Il faut relever que, avant le premier débat présidentiel, le monopole des débats était le fait des stations de radio, la télévision française privilégiant des émissions d’interviews, sans verser dans le duel entre acteurs politiques. Ainsi le premier débat duel radiophonique fut-il organisé par Europe 1 en 1962. La télévision reprendra en 1974 le modèle et ses conditions d’exercice, empreints d’austérité et sur la base d’un dispositif de face à face (modéré par un ou deux journalistes), en s’inspirant de cette première génération de débats radiophoniques (Delporte, 2001 : 74).

Sur le plan des recherches académiques, des analyses, dont certaines pionnières (Nel, 1991), ont souligné, grâce à des éclairages historicisants, l’intérêt qu’il y a à saisir les dispositifs qui structurent ces débats politiques télévisés : les dispositifs scéniques, conversationnels ou encore filmiques y sont appréhendés à travers des approches sémiotiques voire (sémio-)pragmatiques alors que d’autres approches, plutôt conversationnelles et argumentatives (Amossy, 1994 ; Gauthier, 1998 ; Kerbrat-Orecchioni, 2017) ont l’avantage de rendre compte des spécificités discursives et dialogiques de ces échanges. Enfin, le débat présidentiel télévisé peut aussi être saisi à l’aune d’une anthropologie de la communication. Ainsi Daniel Dayan et Elihu Katz (1996) conçoivent-ils ce débat à l’instar d’une cérémonie de « conquête » télévisuelle qui, contrairement aux programmes de flux, bouleverse les grilles de programmes et active des effets dramaturgiques propres aux conditions du direct : tant avant qu’après leur diffusion en direct, les commentaires et discussions autour de ces débats présidentiels participent, dans leurs termes, d’une vitalisation de la communitas d’une nation (communauté non structurée, égalité des individus, absence de hiérarchie), au détriment de la societas (corps social structuré et hiérarchisé, inégalités entre les individus), cette dernière mise en suspens.

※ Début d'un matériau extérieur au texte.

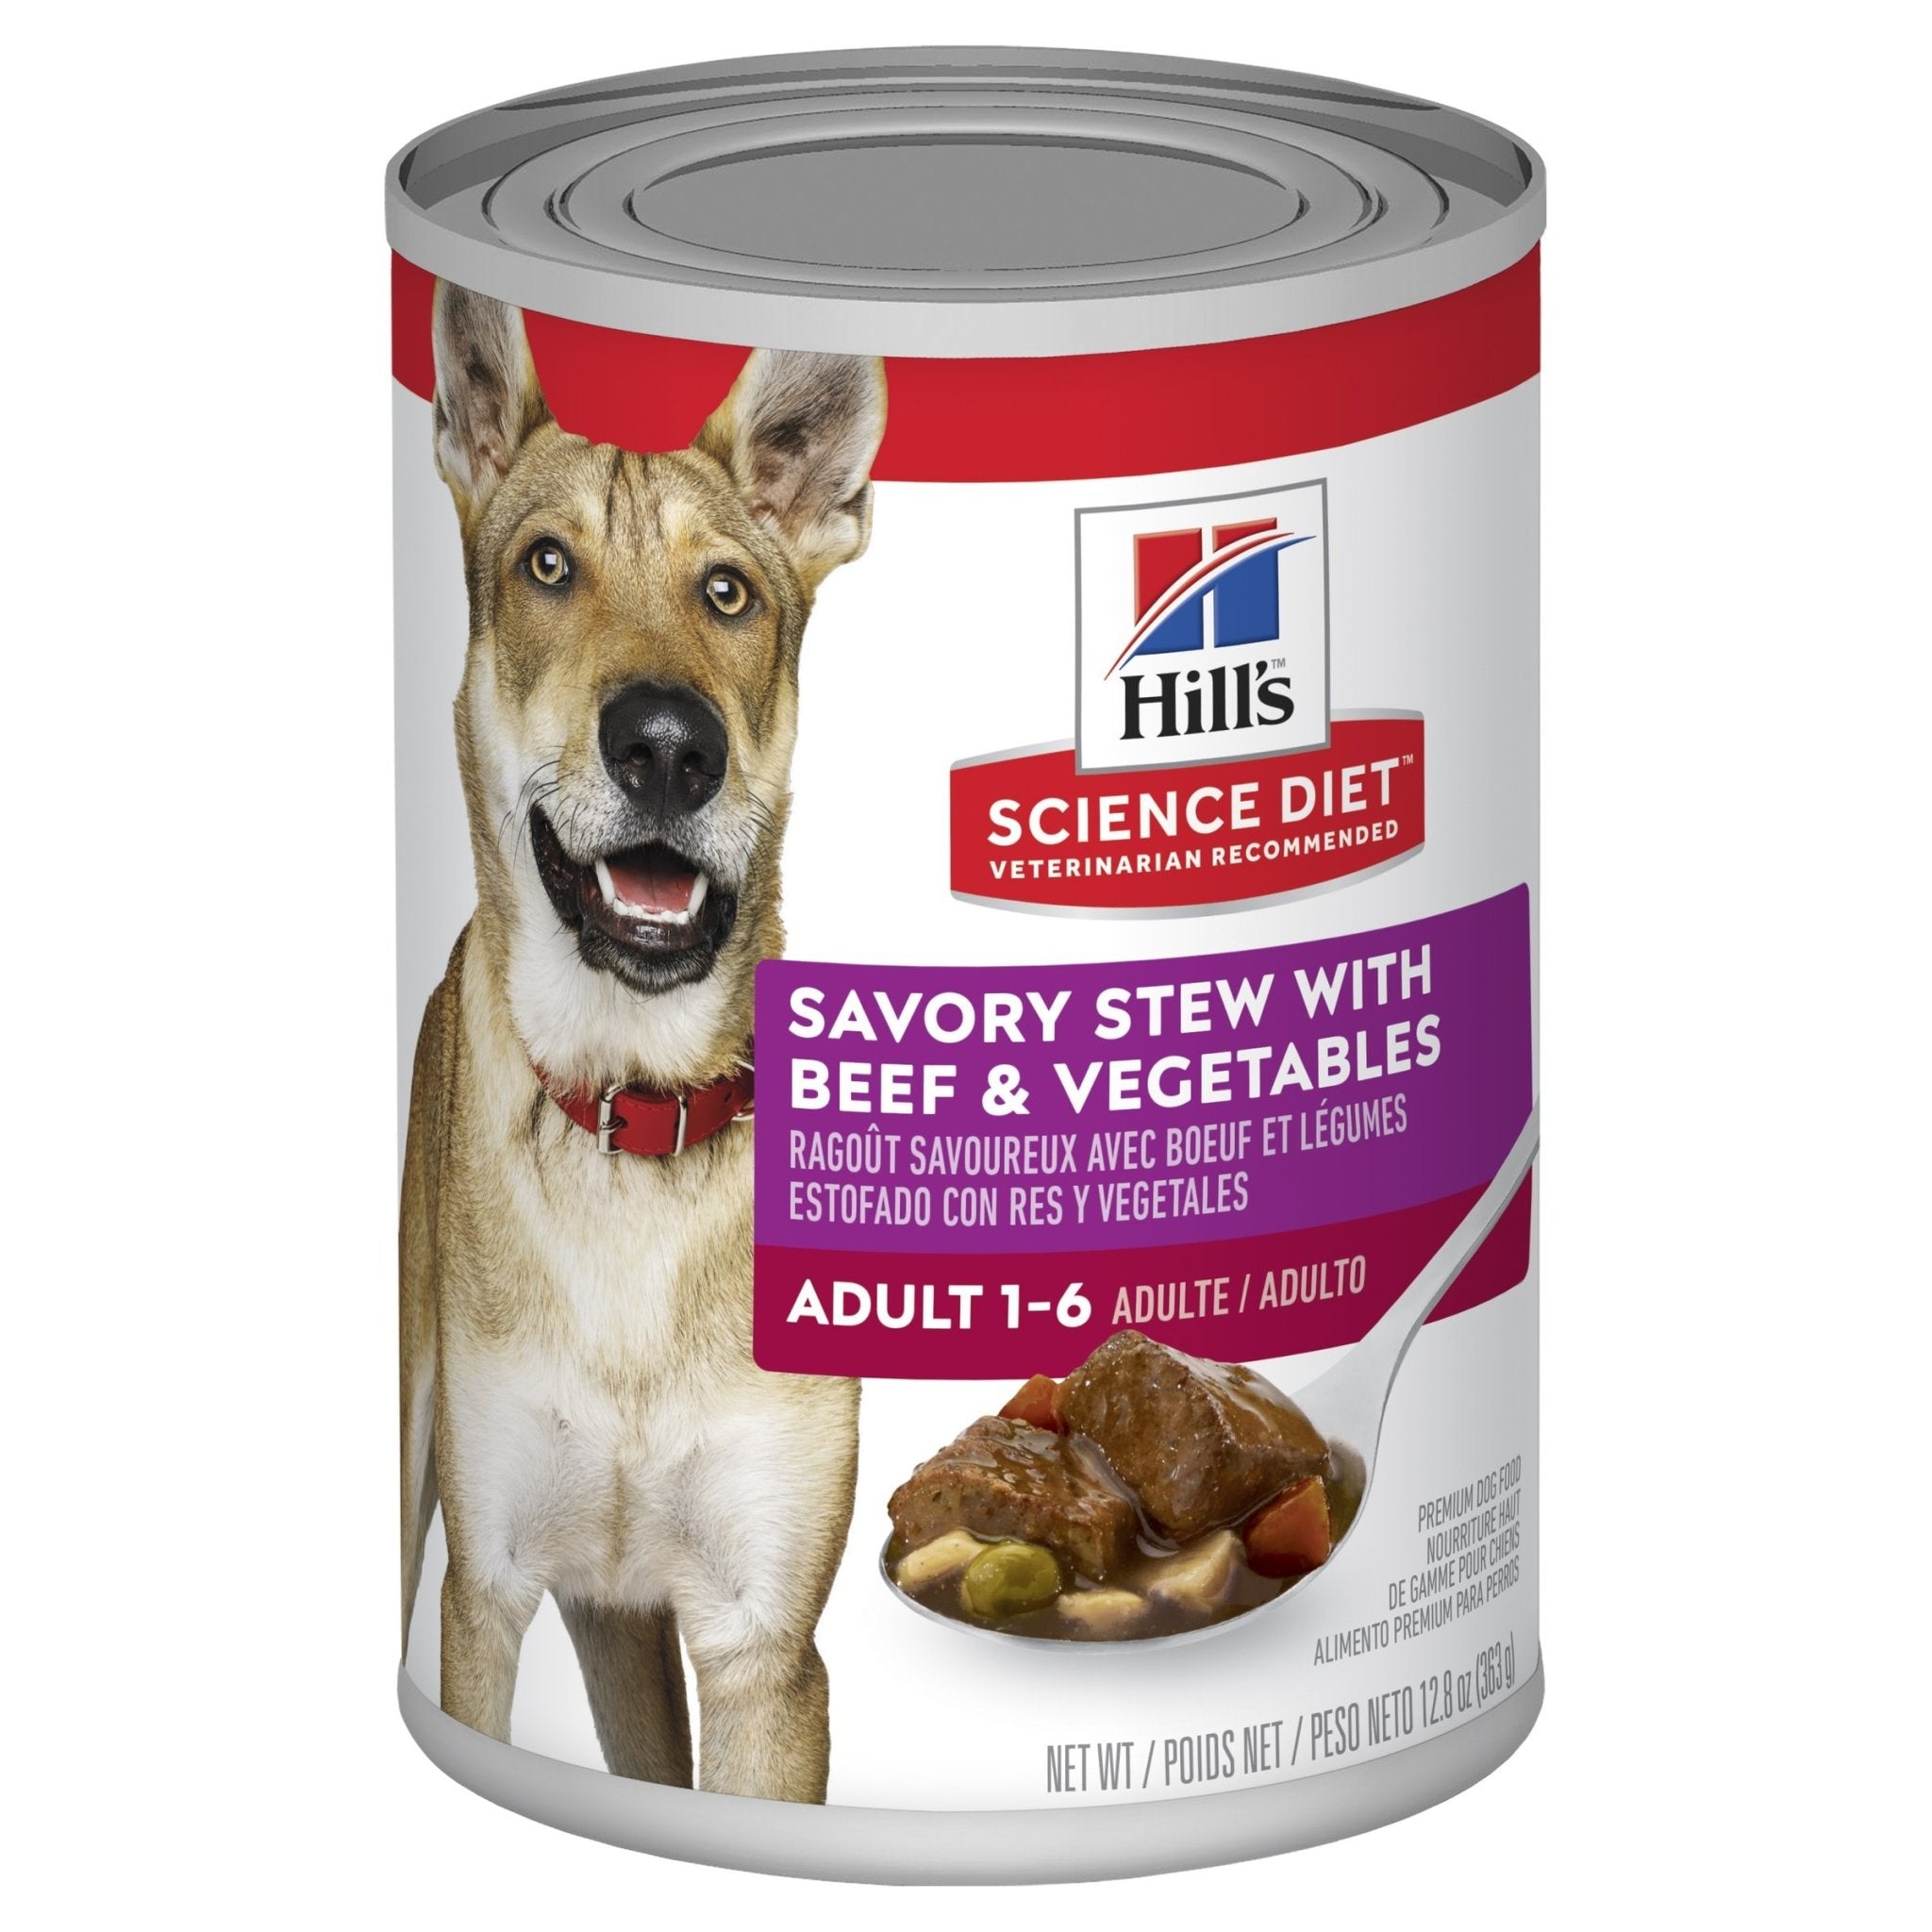 Hills Science Diet Adult Savory Stew Beef & Vegetables Canned Dog Food, 363g, 12 Pack
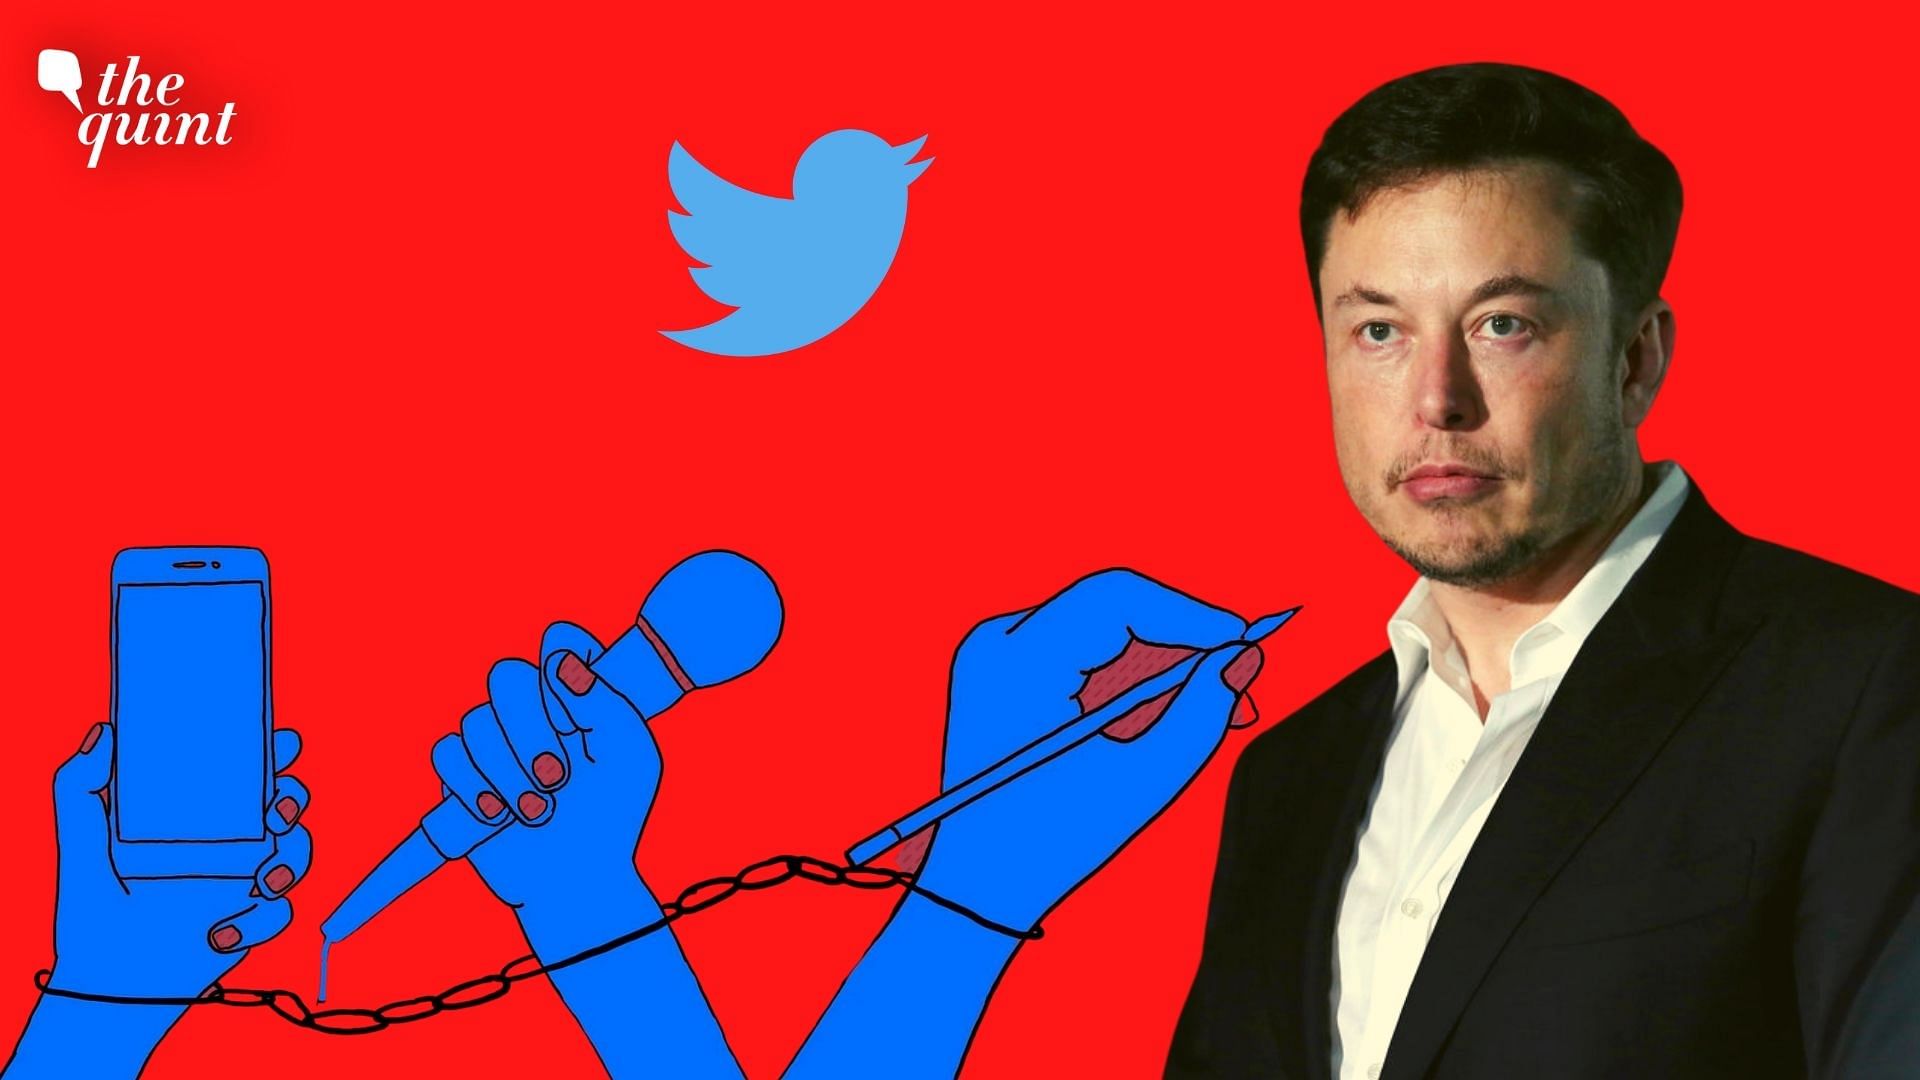 <div class="paragraphs"><p>It remains to be seen whether Twitter will continue to sue the Indian government, given that Elon has stated that Twitter will follow "...the laws of the land." This case raises an appropriate question for Elon and his new Twitter team: what would Twitter do when the laws of the land already limit freedom of expression?</p></div>

De telle sorte, des publics peuvent émerger et se maintenir, ne serait-ce que temporairement.

Au regard de ses visées d’influence, le débat présidentiel télévisé n’a pas toujours suscité un consensus. En point de mire, une question lancinante : « La télévision fait-elle l’élection ? » (Blumler, Cayrol, Thoveron, 1978). En l’espèce, le débat télévisé de l’entre-deux-tours affecte-t-il le vote ? Permet-il à un candidat de rallier les indécis ? Ne fait-il que conforter des opinions préalables (effets de renforcement) ? Sans répondre ici à ces questions, on concédera le fait que le débat présidentiel télévisé participe de la construction d’un ethos (Cabasino, 2009) et que, a minima, il induit des perceptions par les publics téléspectatoriels de la stature de présidentiable, manifestée ou non, à travers les prestations des deux candidats présents au débat. En cela, le dernier débat présidentiel français (2017) qui opposa Emmanuel Macron à Marine Le Pen a montré à quel point une telle joute oratoire pouvait être l’occasion d’un « moment de vérité » télévisuel, par lequel un consensus éditorial et journalistique pouvait se dessiner pour désigner un vainqueur (aux points) ou, à tout le moins, pointer un candidat ayant dévoilé des lacunes en termes de gestion d’un dossier ou fait preuve d’une gestion relationnelle l’ayant desservie (Marine Le Pen). Cette articulation entre communication analogique et digitale (Watzlawick, Helmick, Jackson, 1967), propre à tout échange, suggère que tant le dire que ces modalités participent de l’évaluation par les publics téléspectoriels des performances oratoires des candidats lors d’un débat présidentiel.

 

Des débats politiques télévisés aux talk shows

Reste que la politique ne se cantonne pas aux débats politiques et que nombre d’émissions de télévision traitant de politique ont connu une évolution de genre télévisé, au fil des décennies, notamment à l’aune des mouvements de privatisation des chaînes (voir le cas français). Avec le développement de l’info-divertissement, le caractère hybride des émissions incluant des séquences de débats politiques s’est généralisé : ainsi les années 1990 ont-elles été marquées, en France, par la programmation de débats forums tels Français si vous parliez ou Du fer dans les épinards (Amey, 2009). La présence d’un public-participant sur les plateaux induit aussi de nouvelles conditions de réception, avec notamment une revalorisation de l’expérience singulière et de la parole présumée authentique des profanes (Livingstone, Lunt, 1992). Ces forums télévisés ne perdureront pourtant pas, hormis la programmation de débats, construits autour de panels de citoyens à la veille des élections présidentielles, notamment en 2007.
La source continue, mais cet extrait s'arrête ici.